Babeczki! Chciałabyś zawsze mieć siłę żeby przenosić góry?
Każdą z nas na przestrzeni roku, miesięcy dopada gorszy dzień, gorszy okres. Jesień ma to do siebie, że masowo tracimy chęci do działania – ja tez.
To ten czas, kiedy dostaję najwięcej wiadomości z prośbą o motywację. O pozytywnego kopniaka…
No tak! Wtedy często wywracam kieszenie na lewa strone i znajduje ostatni grosik motywacji. Hmm… Komu dam? Tobie? Czy powinnam zostawić sobie? Oddaje i zostaje z dziurą budżetowa.

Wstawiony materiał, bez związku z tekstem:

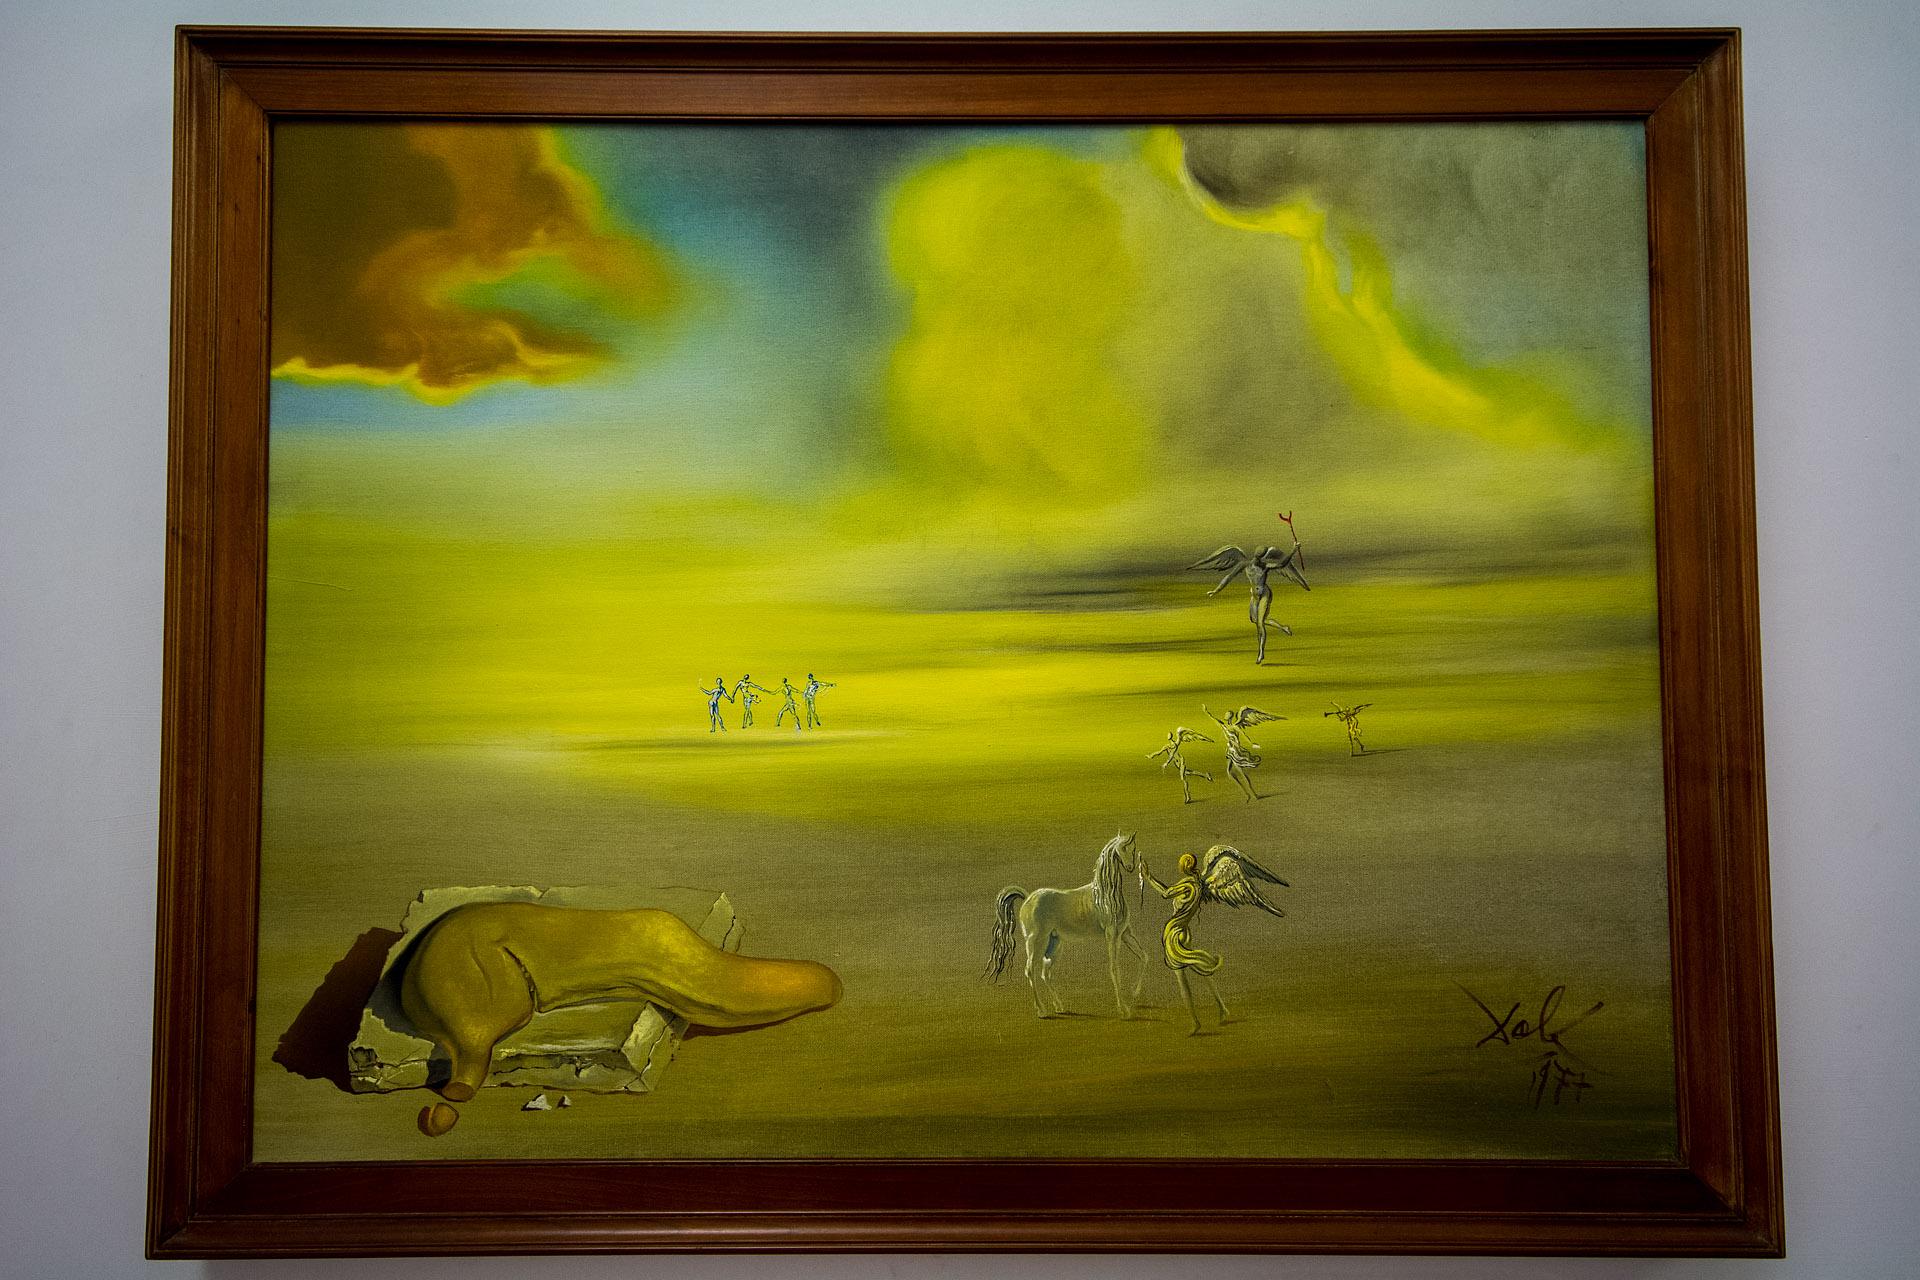 Angelic Landscape (Salvador Dalí)

Ja też w tym okresie szybciej czuję sie wypompowana... ALE TO NORMA! Jest tak przecież co roku. Wtedy na złość złym nastrojom robię trening. Daję słowo, u mnie wygrywa z każdym rozmemłanym i gnuśnym klimatem.
Czasem musze sie zaciągnąć za włosy ale robię TO! Chociaż w tym samym momencie mam ochote wskoczyć pod koc i nie wychodzić aż wyjdzie słońce a temperatura wzrośnie do przynajmniej 20 stopni.
ALE !
Po pierwsze z racji zawodu NIE MOGĘ! Jestem trenerką a nie np. fitness model. Nie startuję w zawodach. Pracuję codziennie, nie od sezonu do sezonu.
Po drugie: jestem tu z Wami na co dzień i czasem muszę robic piruety na rzęsach, żeby Was zmotywować. No cóż... jakiś przykład trzeba dawać, jesli chce sie porwać za sobą kilka osób na trening.
Po trzecie: na marszczenie czoła i burczenie pod nosem pozwalam sobie MAX 5 min. dziennie. Zaraz potem zdzielam sobie piątkę z otwartej dłoni w czoło i mysle sobie "rozejrzyj sie wokoło! Jest milion powodów do radości! Marudzisz? Nie chce Ci się? To się zmuś! Już za 30 minut nieposiadasz sie ze szczęścia" - idę wtedy na trening!
Babeczki! Nie ma co biadolić!
Temperaturę trzeba podnieść fikaniem. A potreningowe hormony szczęścia siedzą zamknięte w mózgu za wielkimi drzwiami i tylko czekają aż z nich skorzystasz. Formę trzymamy cały rok a nie od sezonu do sezonu.